The full set of lines below has to be duplicated exactly, with no picture kept.

Material provided
====

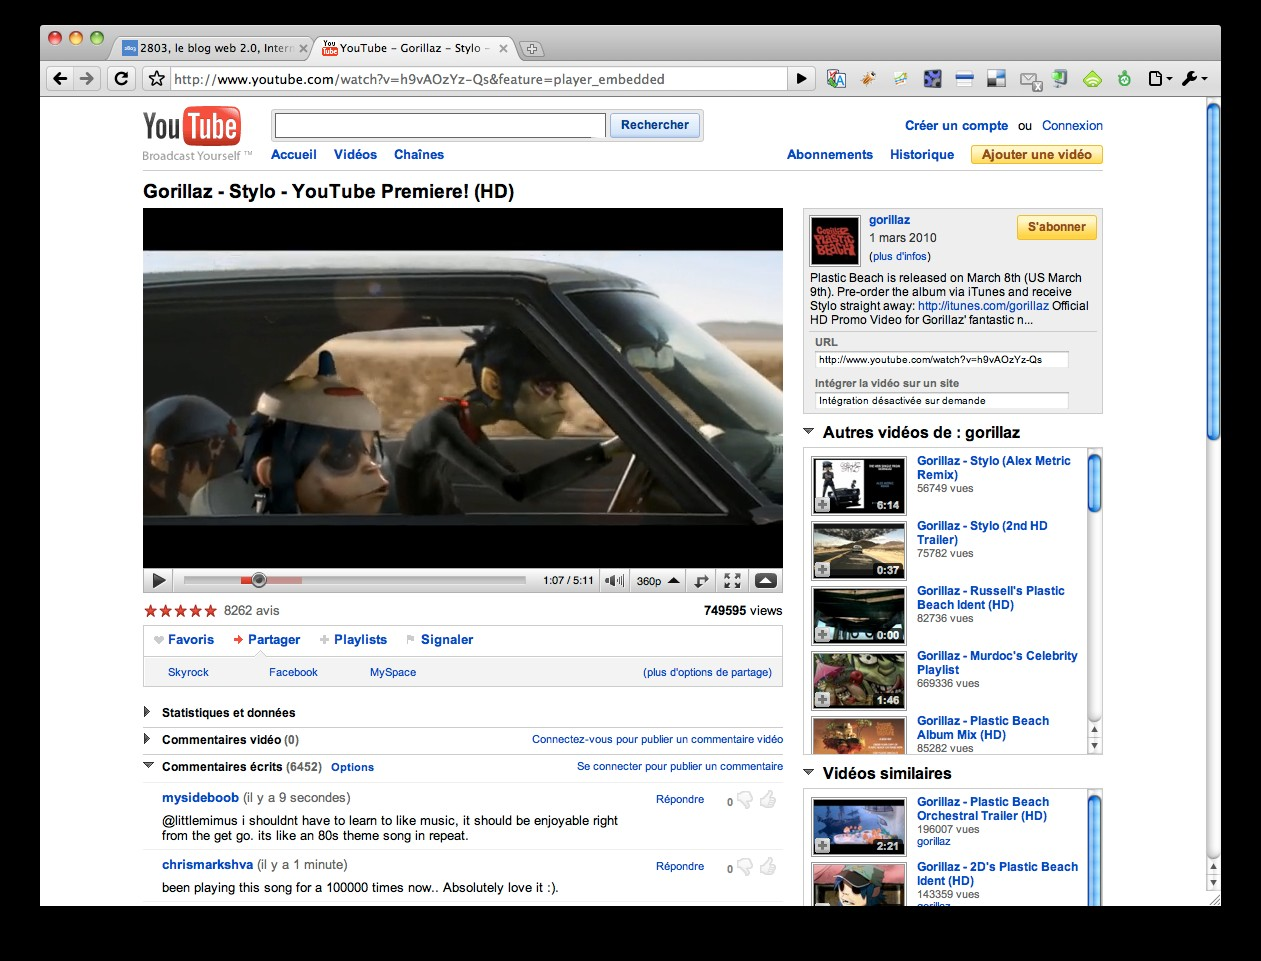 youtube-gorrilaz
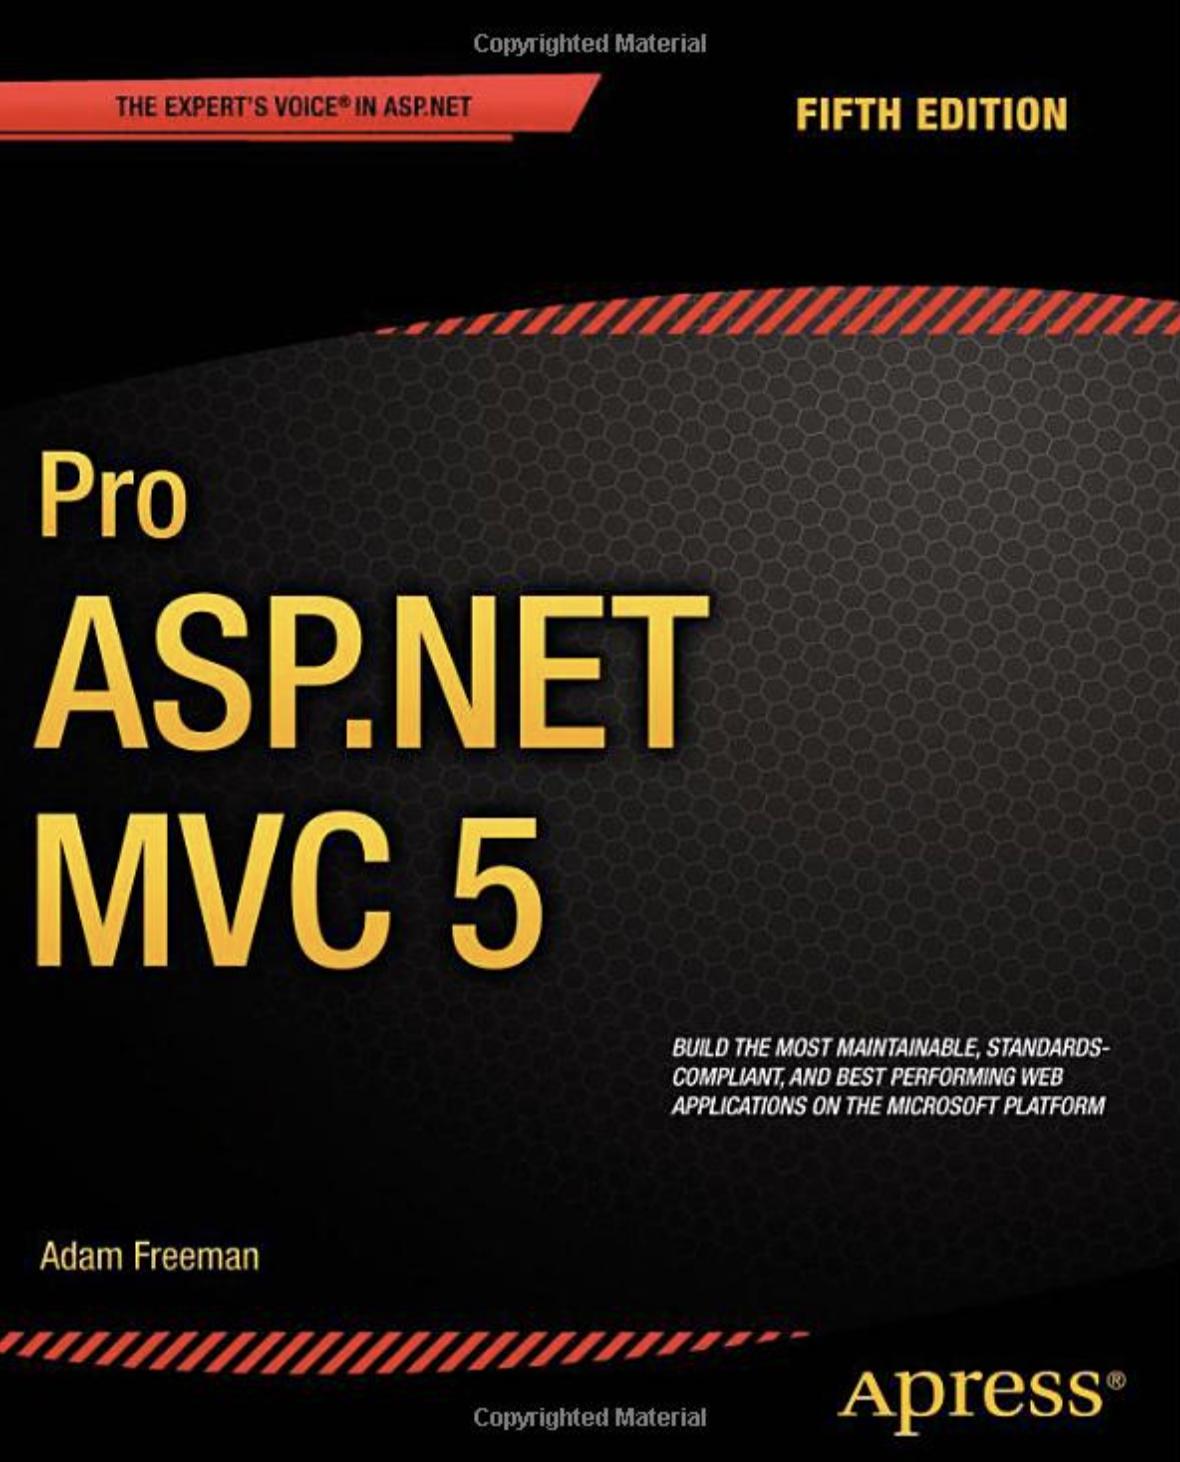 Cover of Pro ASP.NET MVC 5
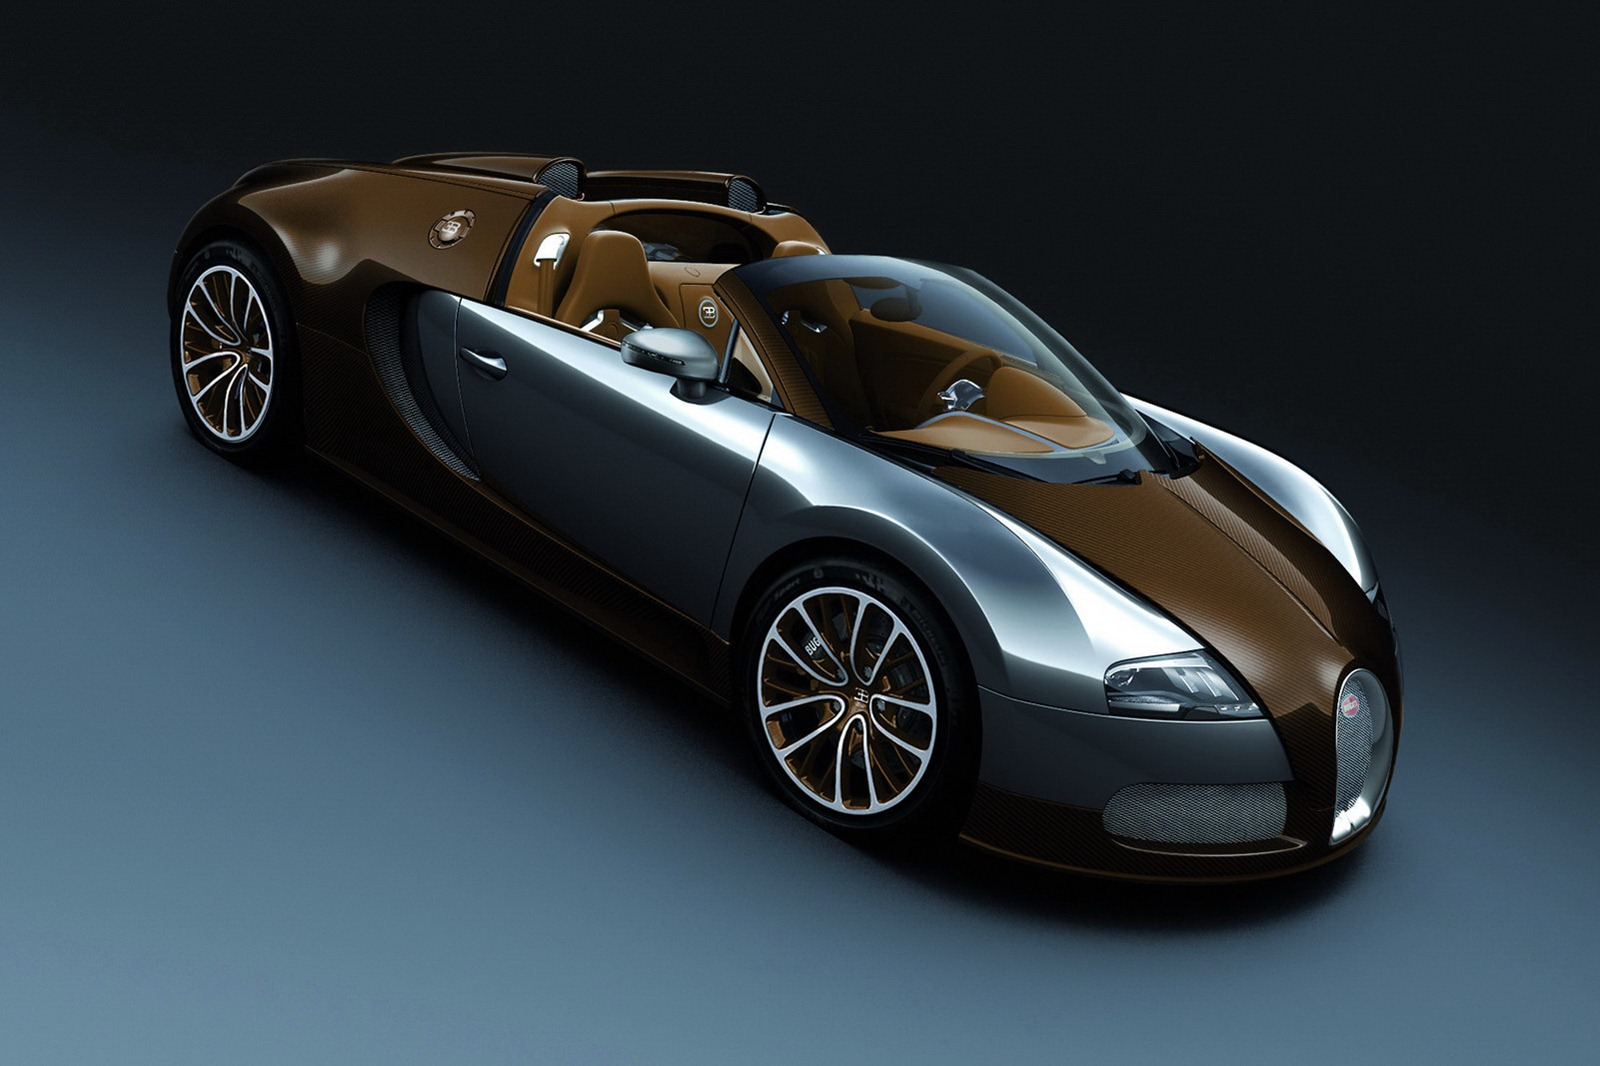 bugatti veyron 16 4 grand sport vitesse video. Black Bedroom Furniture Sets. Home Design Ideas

====

Solution for this exercise
 youtube-gorrilaz
 Cover of Pro ASP.NET MVC 5
 bugatti veyron 16 4 grand sport vitesse video. Black Bedroom Furniture Sets. Home Design Ideas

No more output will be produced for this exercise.